__TASK DIRECTIONS__. Copy, word for word, the lines of the listing below from the line with "melancholic young black" up to and including the line with "Consejos Hola Neighbor". Drop the pictures.

__TASK INPUT__.
--------------------------------------------------

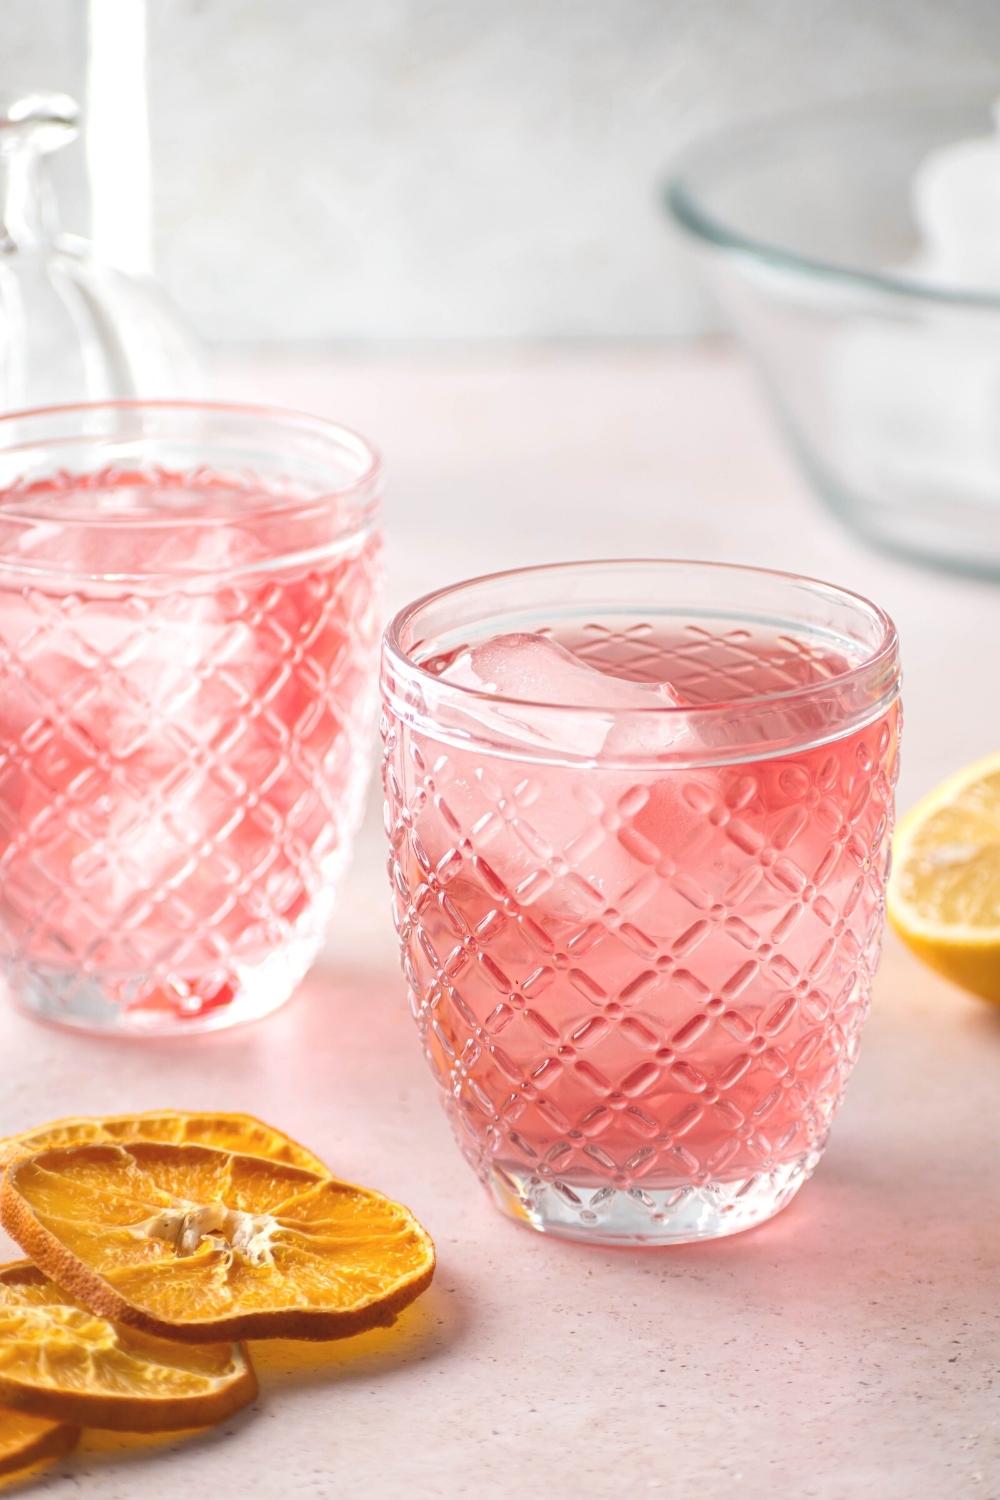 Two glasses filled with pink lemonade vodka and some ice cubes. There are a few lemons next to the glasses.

--------------------------------------------------

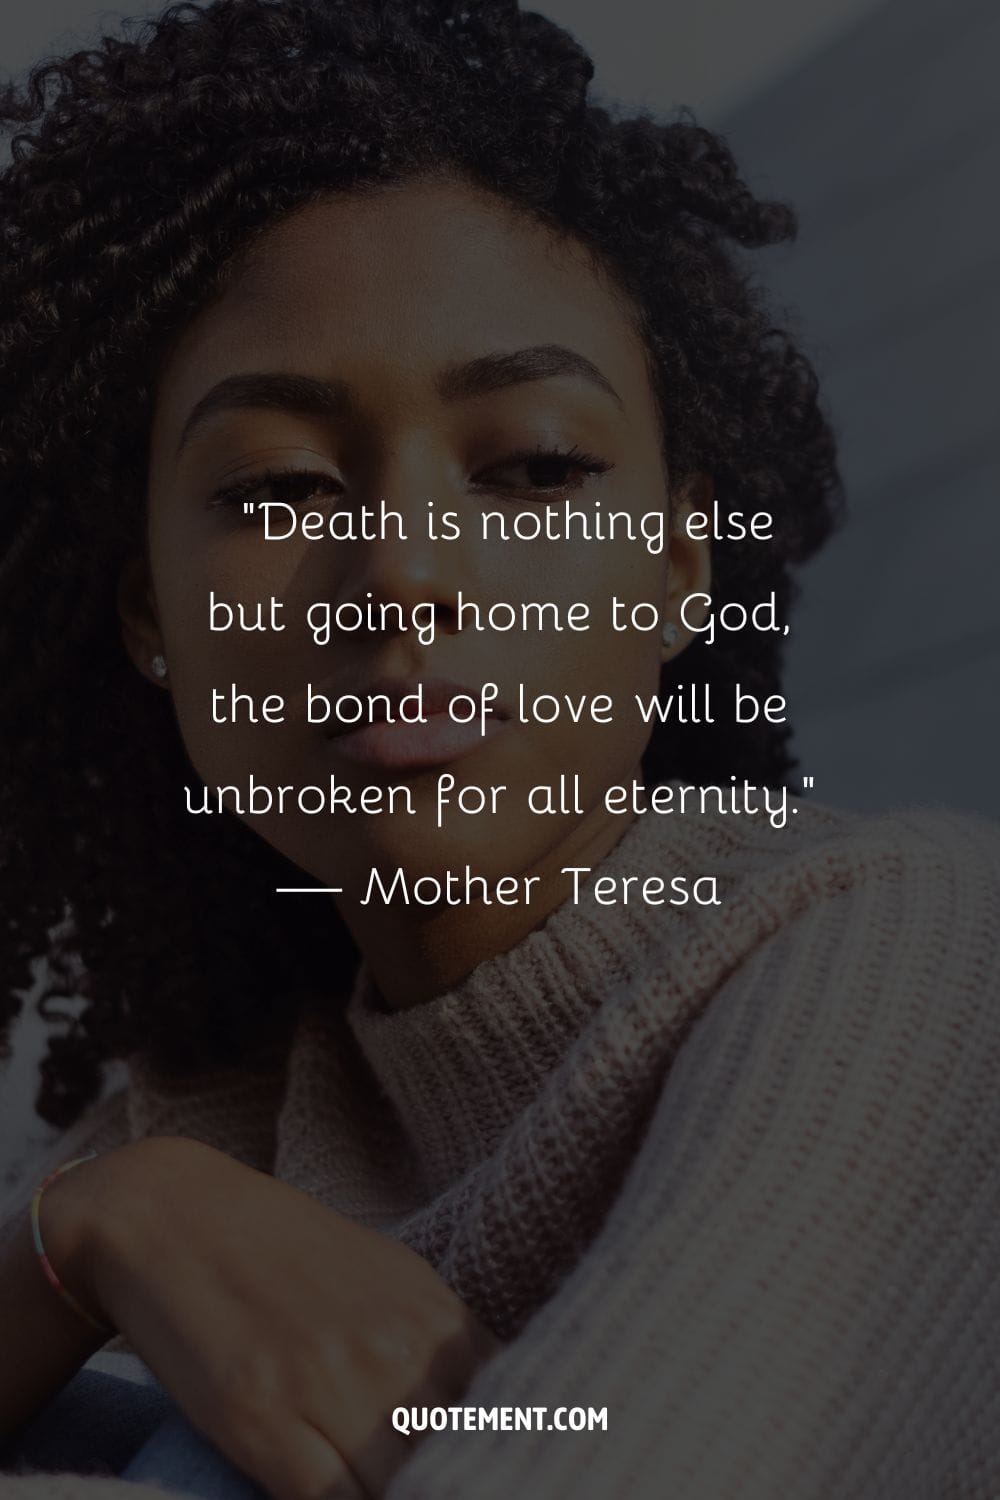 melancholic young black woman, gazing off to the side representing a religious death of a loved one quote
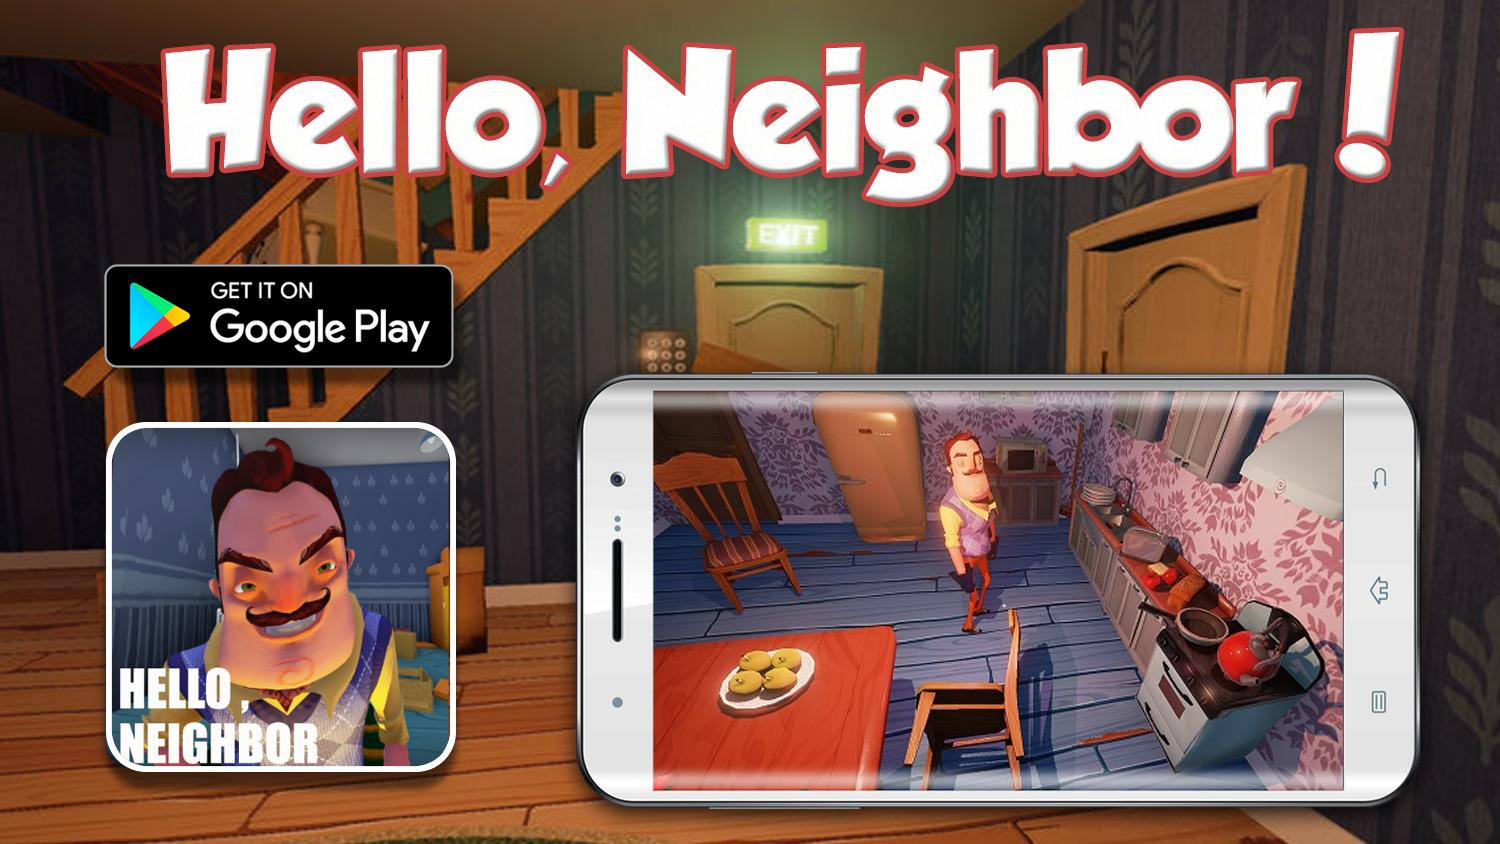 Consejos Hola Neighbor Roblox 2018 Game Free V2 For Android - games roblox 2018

--------------------------------------------------

__THE ANSWER__.
 melancholic young black woman, gazing off to the side representing a religious death of a loved one quote
 Consejos Hola Neighbor Roblox 2018 Game Free V2 For Android - games roblox 2018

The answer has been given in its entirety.